This book contains practical answers to these questions and emphasizes relationship with Christ rather than religion. It also has thought-provoking questions at the end of each chapter, making it useful for both individual and group study. The last chapter gives several study plans on topics such as the attributes of God, the will of God, suffering, anxiety, and conflict. It is a great tool for new Christians or anyone who wants to freshen up their Bible study routine.

Approaching the Throne of Power and Grace

“…through the resurrection of Jesus Christ, who has gone into heaven and is at the right hand of God, angels and authorities and powers having been made subject to Him.” 1 Peter 3:22

“…according to the working of His mighty power which He worked in Christ when He raised Him from the dead and seated Him at His right hand in the heavenly places, far above all principality and power and might and dominion, and every name that is named, not only in this age but also in that which is to come.  And He put all things under His feet, and gave Him to be head over all things to the church, which is His body, the fullness of Him who fills all in all.” Eph. 1:20-21

“Having disarmed principalities and power, He made a public spectacle of them, triumphing over them in it.” Colossians 2:15

I think these are some of the most encouraging verses in the Bible!  Jesus is alive, and He’s enthroned at the right hand of His Father God.  Through His resurrection, He disarmed and conquered every single principality and power.  Having incapacitated them and rendered them powerless, He marches them through the universe, shaming and embarrassing them in their defeat. Like a proud hunter who uses the skin of his kill to make a new ottoman, they are subjugated to serve as His footstool, showing His complete domination.

What is most encouraging to me is the sheer scope of His victory.  Paul has to get his thesaurus out to make sure he gets the point across:  Jesus is far above all principalities.  And in case you’re not sure what he means by that, he adds, Jesus is superior to all power.  Not sure what all power means?  Everything that has any might at all.  And just in case you don’t get the picture, He’s also over all dominion and every name that is named.  Everyone. Everything.

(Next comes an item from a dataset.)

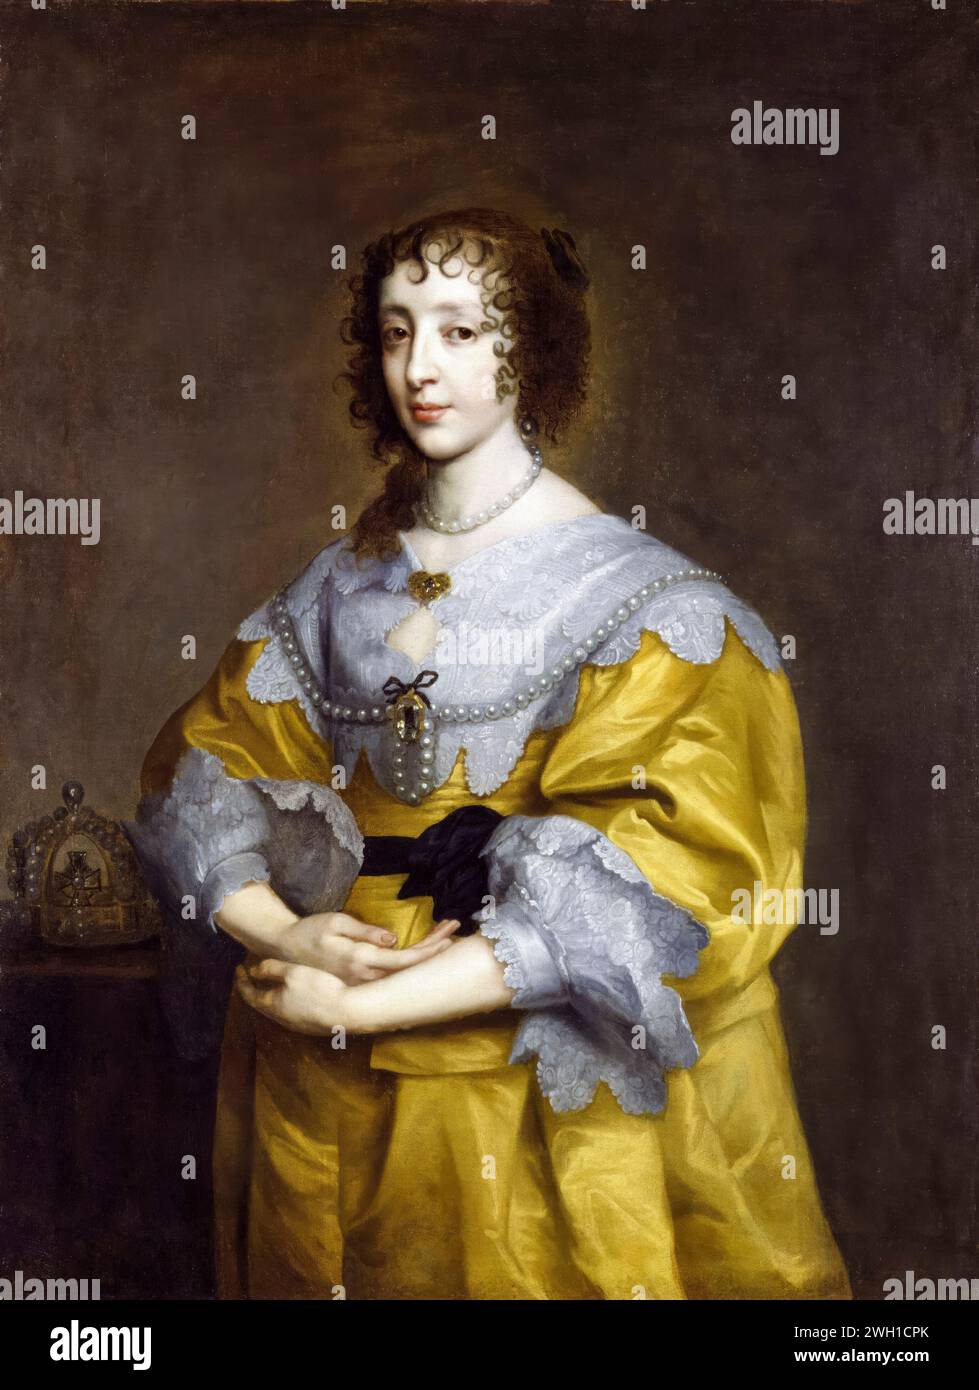 Una regina incinta Enrichetta Maria (1609-1669), regina consorte e moglie di Carlo i d'Inghilterra, Scozia e Irlanda, ritratti ad olio su tela dopo Sir Anthony van Dyck, 1632-1635 Foto Stock

But wait, Paul–do you just mean all principalities, powers, might, and dominion that we’ve heard of?  NO!  He means everything we’ve heard of and everything we haven’t yet heard of.  Things we don’t even know we should be scared of yet.  Everything in this age, and everything in the future has been subjected to Christ.  Not just some, but all.  Not just now, but forever.  No ifs, ands, buts, or maybes!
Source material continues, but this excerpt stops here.